Through this work, I invite viewers and listeners to think of trees as sentient beings. My intention with this work is to question if the audience could experience a deeper sense of connection and gain awareness of different ways of communicating with the natural world that surrounds us. Through this interaction with the tree, the viewers and listeners will experience an opening of the senses – allowing themselves to see, listen, and touch the coded world (vibrations) of nature.
People argue that this is not artistic, but scientific. I am happy to create work that is at the intersection of science and art. Human beings should learn about the vibration of plants, which is a longer time sense - the plant’s time unit has nothing to do with the human time sense – no hours, no minutes.
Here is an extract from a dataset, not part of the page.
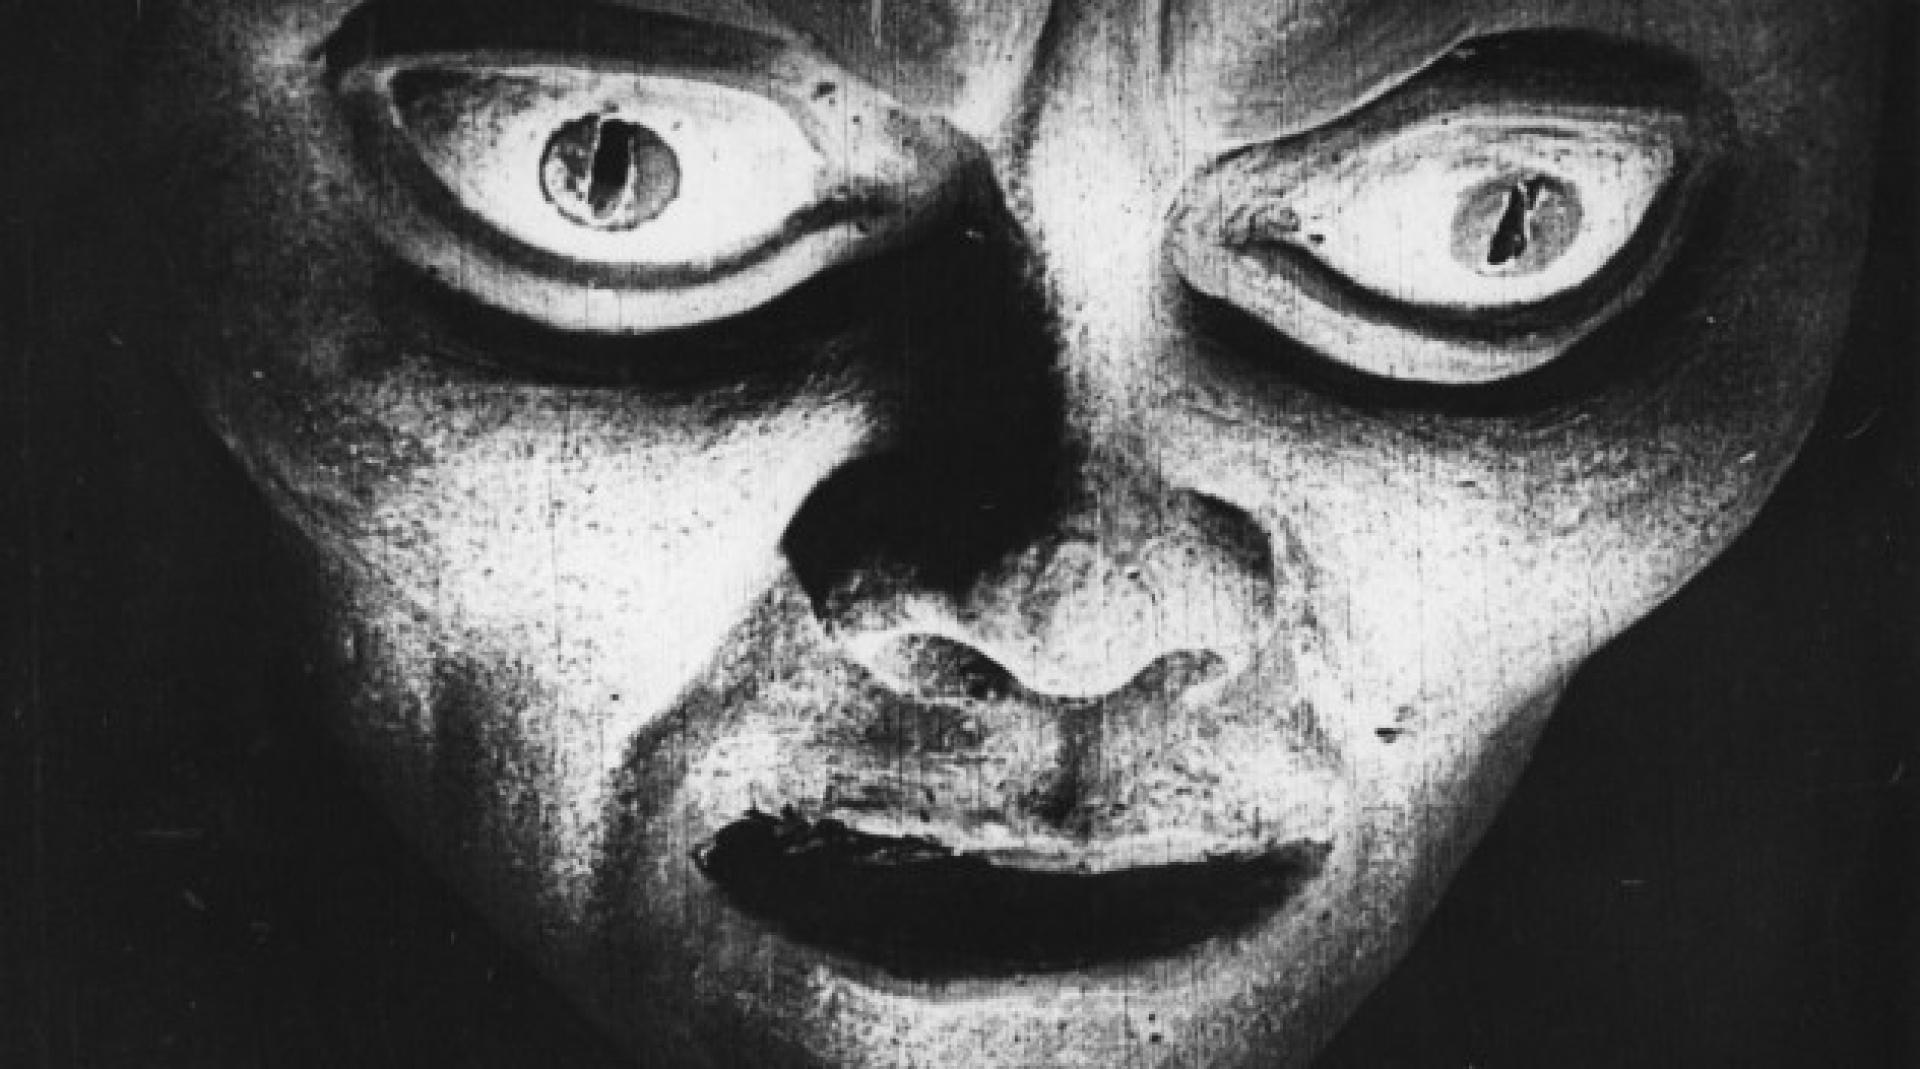 Der Golem, wie er in die Welt kam - A gólem (1920)

Plants have a completely different relativity. Their sense of time is elastic – not linear. There is a sense of regenerating feedback – nothing is linear.
You can read more about this piece here
Kate: Could you tell me about some of the current or future projects you're working on?
I recently finished P.R.I.S.M.E residency, which is a brilliant initiative for emerging BIPOC filmmakers supported by Main Film. As part of this program, I feel so humble to be attending a long-term mentorship to develop my first feature film, which tells the story of my family clan in the oldest ancestral house of Montreal’s disappearing Chinatown. I’m also creating a sound installation about sonic bodies, which will be part of the MOMENTA Biennale cultural mediation program this fall. I’m really excited to offer ‘performative listening’ workshops to a diversity of publics! Last but not least, I’m programming with my peer artists the next iteration of PH V – How to Swallow a Hollow Knot taking place at the end of August at Peripheral Hours. Can’t wait to reopen again, it’s been a long lockdown!